1915–16 Coupe des Alliés

Tournament details
- Country: France (USFSA)
- Teams: 16

Final positions
- Champions: Stade Rennais (1st title)
- Runners-up: CS Terreaux

Tournament statistics
- Matches played: 15
- Goals scored: 59 (3.93 per match)

= 1915–16 Coupe des Alliés =

The 1915–16 Coupe des Alliés (1915–16 Allied Cup) was the second edition of the Coupe des Alliés, a knockout football competition contested by French clubs during the First World War. It was organized by the Union des Sociétés Françaises de Sports Athlétiques (USFSA) and won by Stade Rennais, who defeated CS Terreaux 7–1 in the final.

==Overview==
The second edition of the competition was contested by the winners of 8 regional championships, which means that the finals of those championships were therefore the round of 16 of the Coupe des Alliés. One side of the bracket was contested by the clubs of Western France and Paris, while the other half was made up of clubs from Eastern France, mostly from the region of Provence-Alpes-Côte d'Azur due to the war zones near the border with Germany.

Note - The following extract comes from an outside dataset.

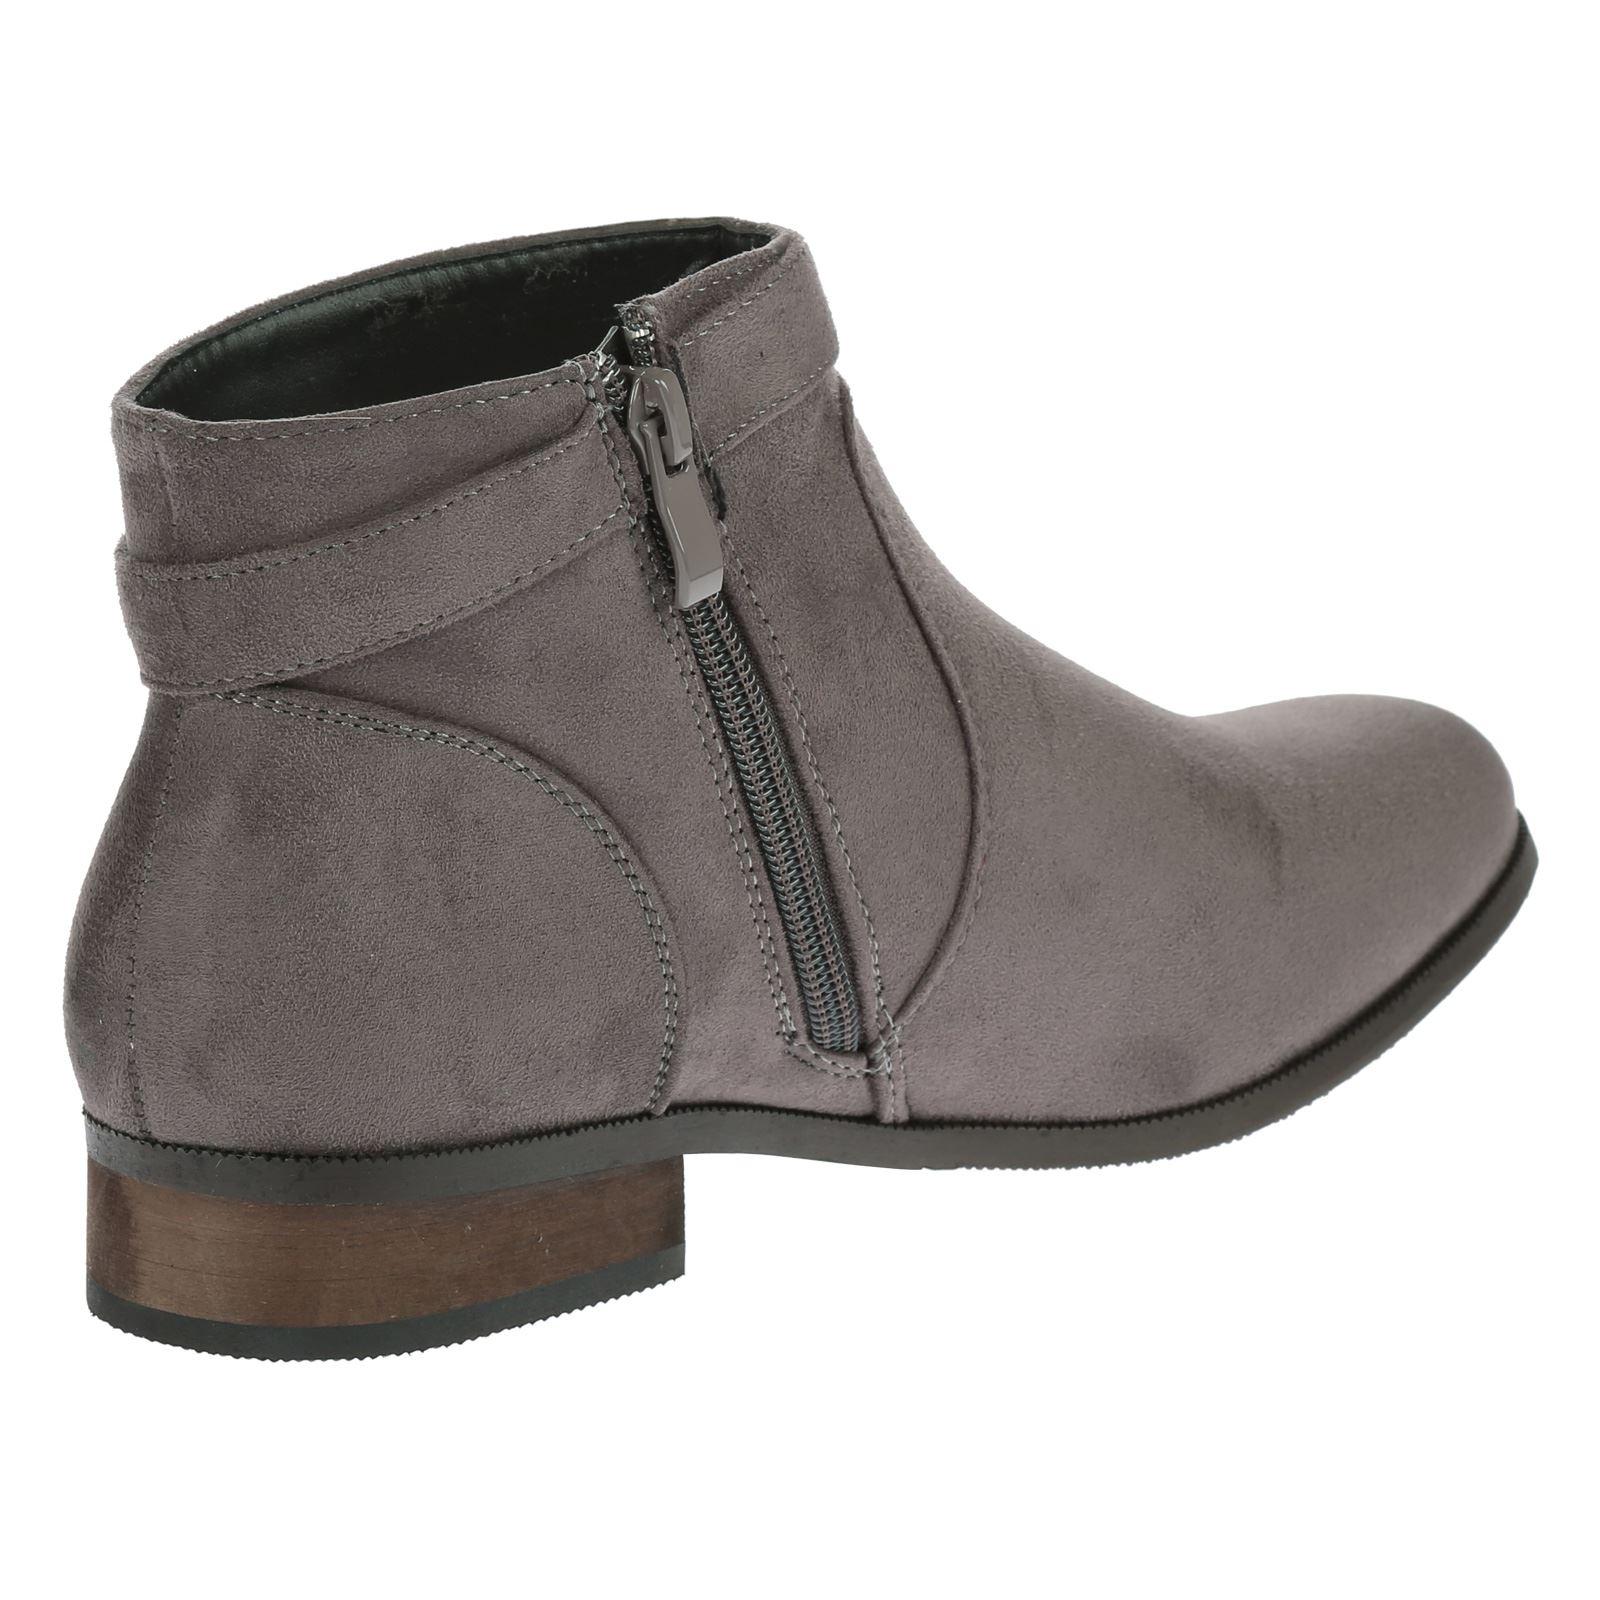 womens boots ankle tassel low heel flat casual work

===Western France and Paris===
In the final of the Paris zone, Red Star Amical Club and CASG Paris drew at 1, but Red Star refused to play extra time because three of its players had to return to work in their arms factory, so CASG was declared the winner. In the final of the Normandy region, Le Havre defeated FC Rouen by an unknown score, while the Northwestern region (Brittany/Pays de la Loire) was won by Stade Rennais after beating Union Sportive Raonnaise in December 1915; Armoricaine de Brest on 8 January; and then US Le Mans 4–1 in the final. In the final of the Southwestern region (Occitania/Nouvelle-Aquitaine), VGA Médoc defeated Stade Toulousain 8–0. In the quarterfinals, VGA Médoc was set to face Stade Rennais in Nantes, but the match ended up taking place in Bordeaux, with Rennais winning 2–0. The other quarterfinal was contested by the champions of Paris and Normandy, which ended in a 4–2 win to the latter, thus setting a semifinal between Le Havre and Stade Rennais.

===Eastern France===
The participation of clubs from the East of France was much more limited because of the War, so only two regional committees entered the tournament, Rhône-Alpes and Provence-Alpes-Côte d'Azur. The only known fact from the latter championship is the winner, a club called International FC Nice, while the semifinals of the Rhône-Alpes championship were contested by three clubs from Lyon and one from Marseille. In the first semifinal on 11 January, FC Lyon scored the opening goal in the 5th minute via Mortier, but ended up losing 2–4 to CS Terreaux. The second semifinal on 12 January was a Choc des Olympiques, in which Olympique de Marseille led Olympique Lyonnais 2–0 at half-time, but then Lyon's best player, the forward Joseph Delvecchio, had to leave because of an injury, and since there were no substitutions at the time, Lyon had to play the rest of the match with 10 men and ended up suffering a resounding 9–1 loss. In the Rhône-Alpes final, Terreaux defeated Marseille by a score of 4–2.

===Top four===
In the semifinals of the tournament, Stade Rennais scored three first-half goals against Le Havre to seal a 3–0 win on 14 May 1916, with the French newspaper L'Ouest-Eclair describing it as a "victory for Stade Rennais and Brittany". In the other semifinal, CS Terreaux defeated FC Nice by a score of 2–1. On 3 June, in the eve of the final, Stade Rennais defeated US Servannaise 8–0, thus finishing the season with 20 victories out of 19, and with a total of 125 goals scored and only 14 conceded, including five wins at the Coupe des Alliés, with 20 goals scored and only 1 conceded.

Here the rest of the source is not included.